▶ **Task goal**
The whole listing needs to be written out exactly, except for any images.

▶ **Data**

- - - -

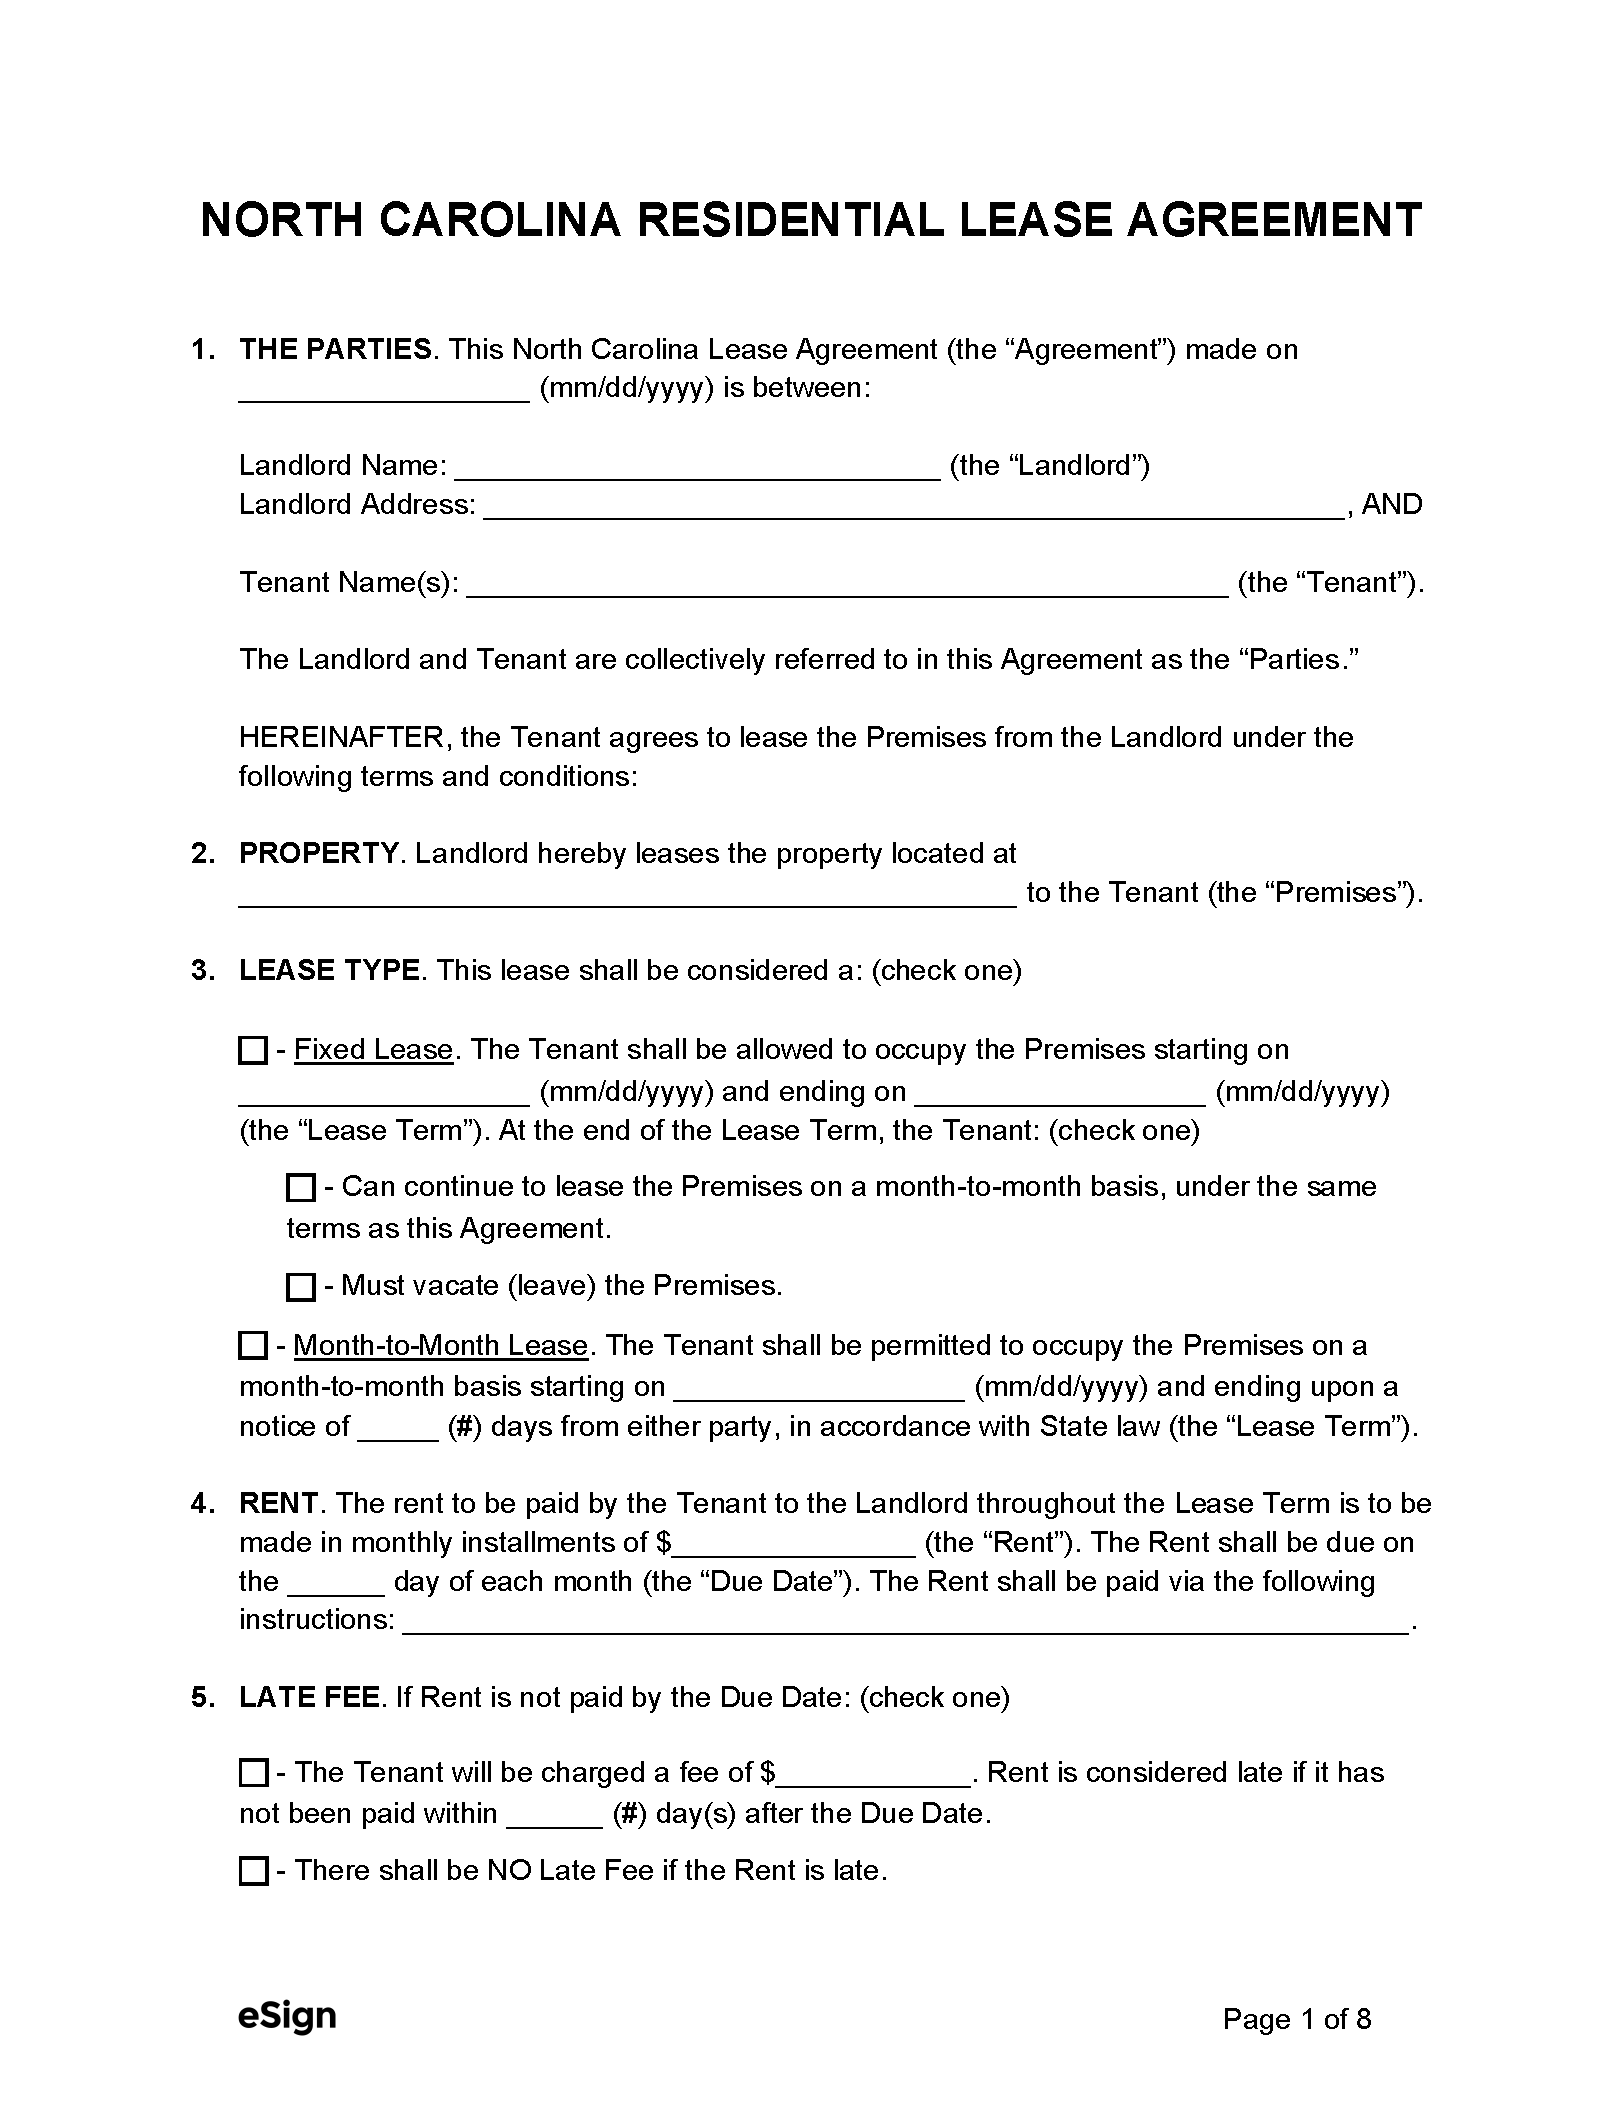 Free North Carolina Rental Lease Agreement Templates (6) PDF Word
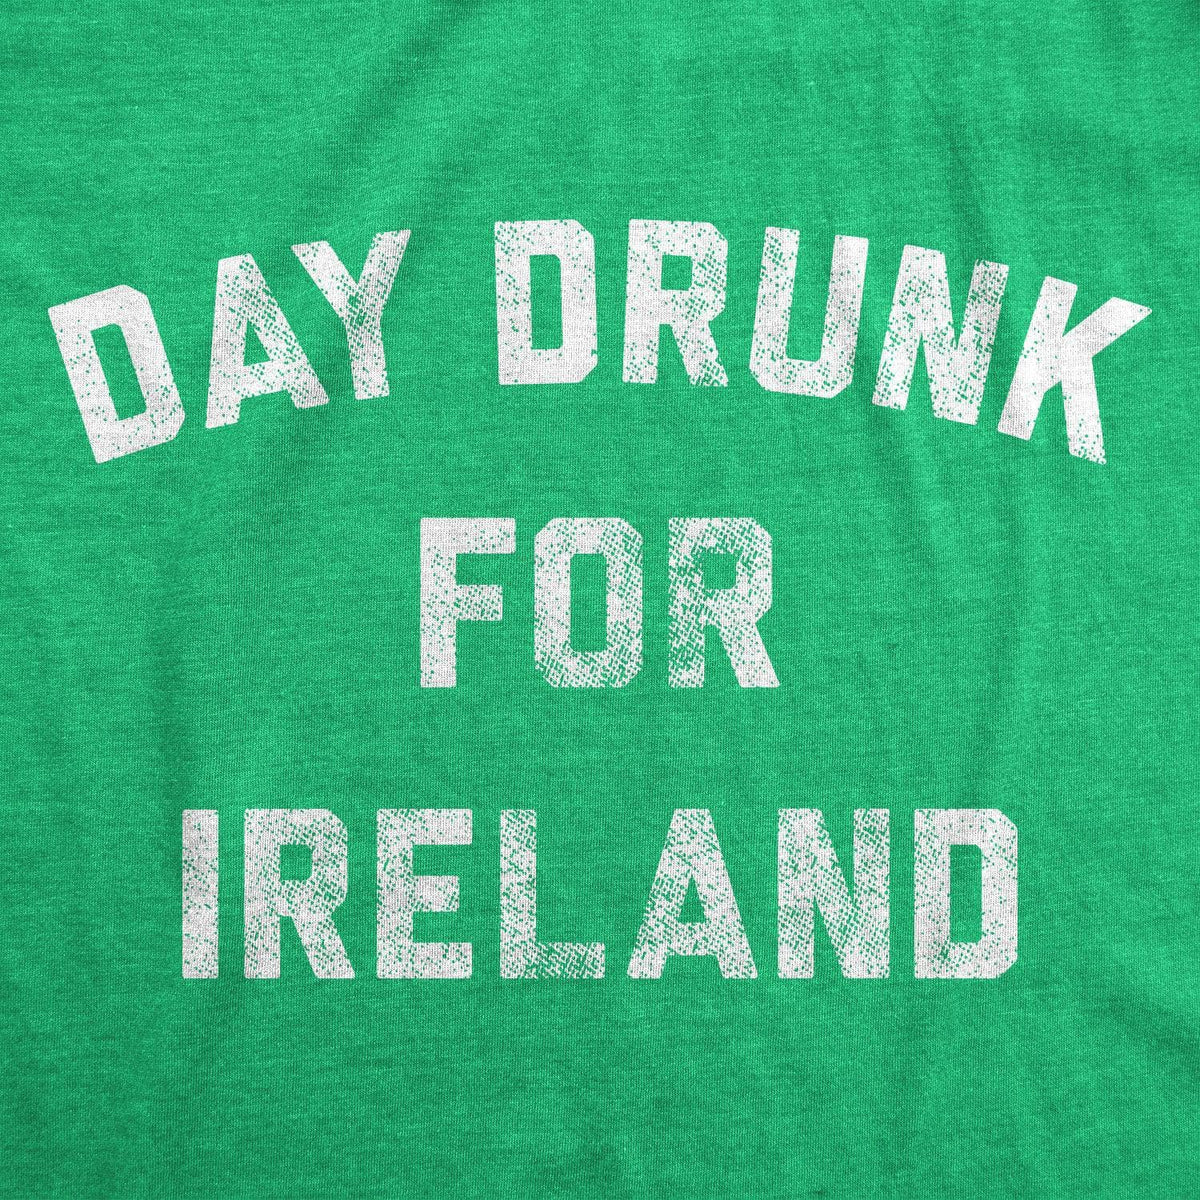 Day Drunk For Ireland Men&#39;s Tshirt  -  Crazy Dog T-Shirts
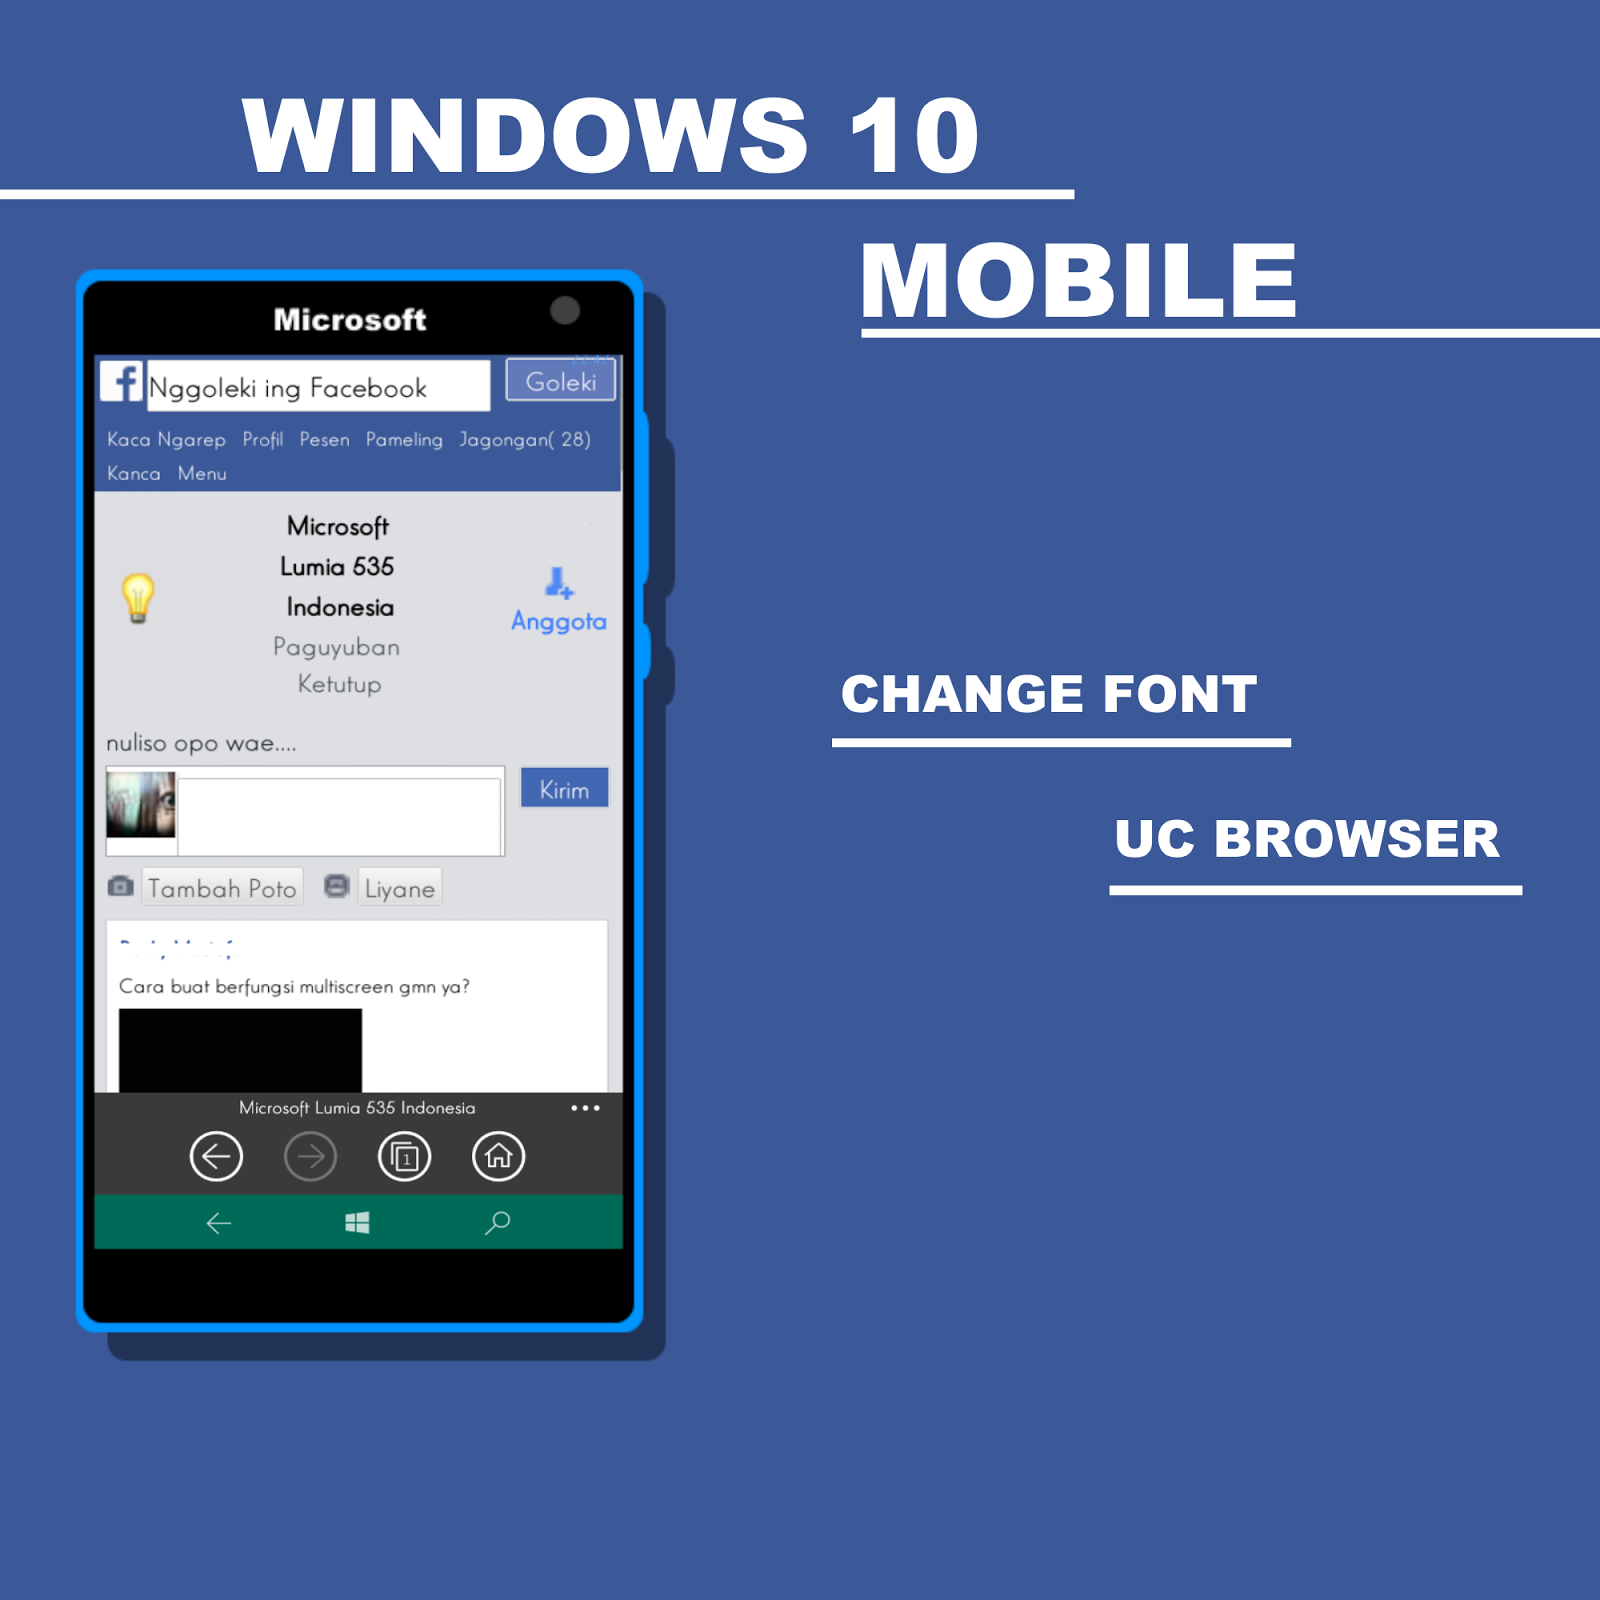 Rubah Font UC Browser Windows 10 Mobile - Blog Download

- - - -

▶ **Answer to the problem**
 Free North Carolina Rental Lease Agreement Templates (6) PDF Word
 Day Drunk For Ireland Men&#39;s Tshirt  -  Crazy Dog T-Shirts
 Rubah Font UC Browser Windows 10 Mobile - Blog Download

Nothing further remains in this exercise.